Computational science is often not the strongest suit for life scientists and that’s been a factor in the relatively modest adoption of the cloud for genomics research. Last week Amazon took a step towards easing the path for bioscience researchers with a series of blogs explaining how to set up genomics workflows on AWS.
The series of four blogs by Aaron Friedman, healthcare and life sciences architect, and Angel Pizarro, scientific computing technical business development manager at AWS, are reasonably detailed and includes samples of code as well as descriptions of various workflows. The first blog covers the general architecture and highlights three common layers in a batch workflow – job, batch, and workflow.
“At its core, a genomics pipeline is similar to a series of Extract Transform and Load (ETL) steps that convert raw files from a DNA sequencer to a list of variants for one or more individuals. Each step extracts a set of input files from a data source, processes them as a compute-intensive workload (transform), and then loads the output into another location for subsequent storage or analysis,” write Friedman and Pizarro in the introductory first blog.
“These steps are often chained together to build a flexible genomics processing workflow. The files can then be used for downstream analysis, such as population scale analytics with Amazon Athena or Spark on Amazon EMR. These ETL processes can be represented as individual batch steps in an overall workflow.”
As described by Amazon the remaining three blogs tackle:
- Part 2 covers the job layer. We demonstrate how you can package bioinformatics applications in Docker containers, and discuss best practices when developing these containers for use in a multitenant batch environment.
- Part 3 dives deep into the batch, or data processing layer. We discuss common considerations for deploying Docker containers to be used in batch analysis as well as demonstrate how you can use AWS Batch for a scalable and elastic batch engine.
- Part 4 dives into workflow layer orchestration. We show how you might architect that layer with AWS services. You take the components built in parts 2 and 3 and combine them into an entire secondary analysis workflow. This workflow manages dependencies as well as continually checking the progress of existing jobs. We conclude by running a secondary analysis end-to-end for under $1 and discuss some extensions you can build on top of this core workflow.

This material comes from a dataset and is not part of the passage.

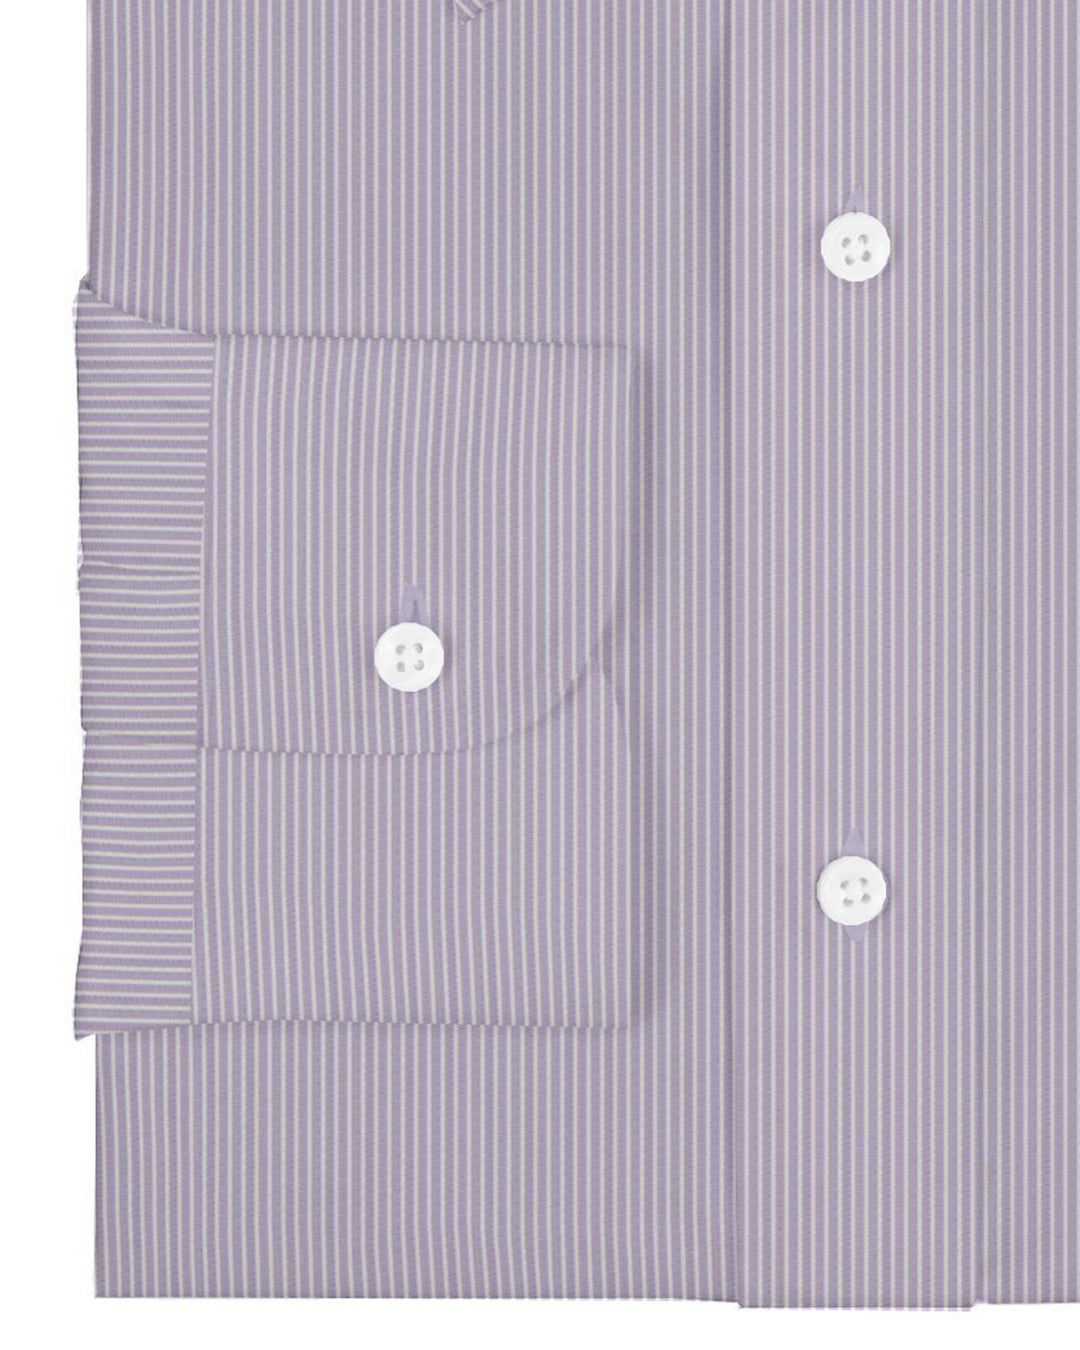 White Pin Stripes On Purple

Interestingly, AWS argues its approach to batch processing can be generalized to any type of batch workflow, such as post-trade analytics or fraud surveillance in financial services, or rendering and transcoding in media and entertainment.
Amazon claims the genomics workflow blogs will users show how to optimize Amazon EC2 Spot Instances use and save up to 90% off of traditional On-Demand prices. A fifth blog introduces Amazon life science partners who can facilitate implementing genomics workflows and singles out: BioTeam; DNAnexus; Illumina; Seven Bridges.